1994 Tour of Slovenia

Race details
- Dates: 8–15 May 1994
- Stages: 9 + Criterium
- Distance: 942.5 km (585.6 mi)
- Winning time: 24h 23' 49"

Results
- Winner / Tobias Steinhauser
- Second / Boris Premužič
- Third / Sandi Papež
- Points / Tobias Steinhauser
- Mountains / Tobias Steinhauser
- Youth / Branko Filip
- Sprints / Gorazd Štangelj
- Team / Slovenia

= 1994 Tour of Slovenia =

The 1994 Tour of Slovenia (Dirka po Sloveniji) was the 2nd edition of the Tour of Slovenia, categorized as an amateur International stage race held between 8 and 15 May 1994.
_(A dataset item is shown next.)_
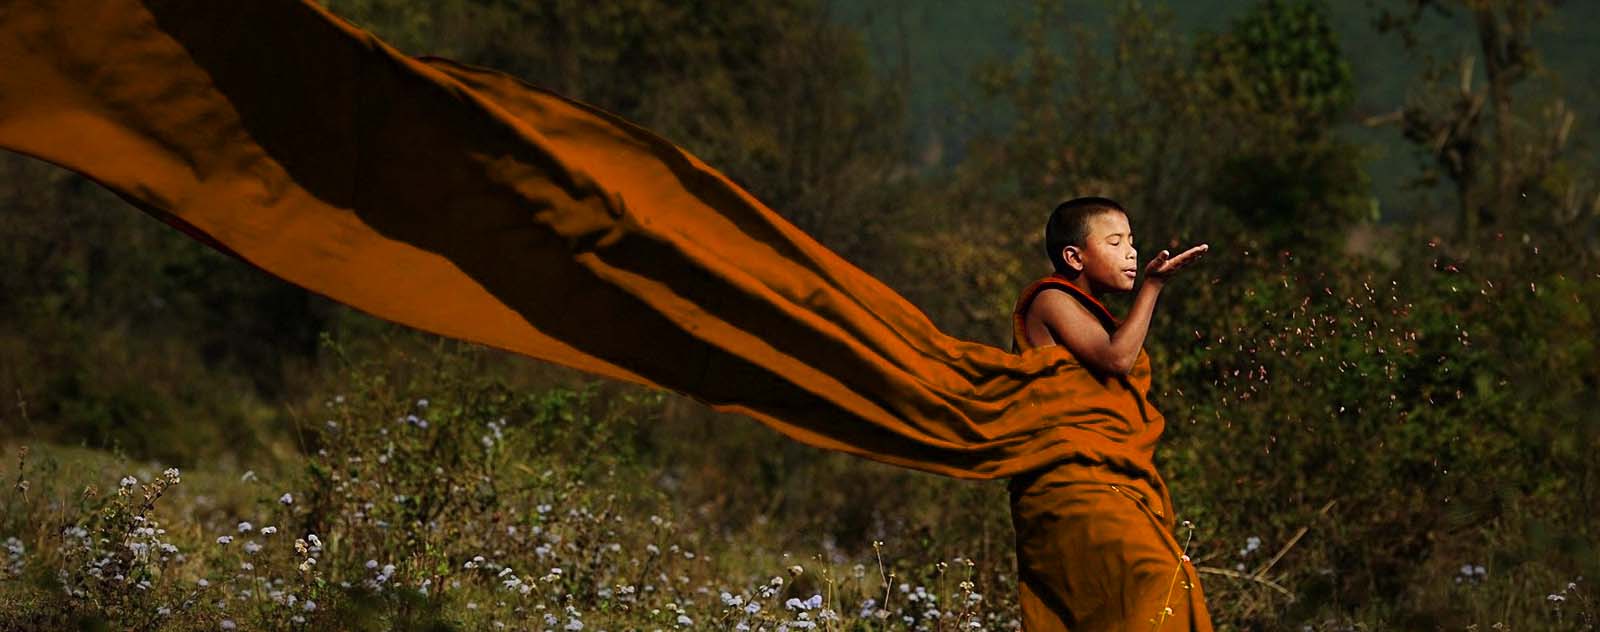 Pourquoi les Bouddhistes portent-ils des robes?

The Tour started with three short stages (team time trial, criterium and knock out criterium) presentation day. The last event of three, eliminating criterim counted only of yellow jersey, not yet in general.

And the main race consisted of actual 9 stages with 942.5 km (585.6 mi) in total.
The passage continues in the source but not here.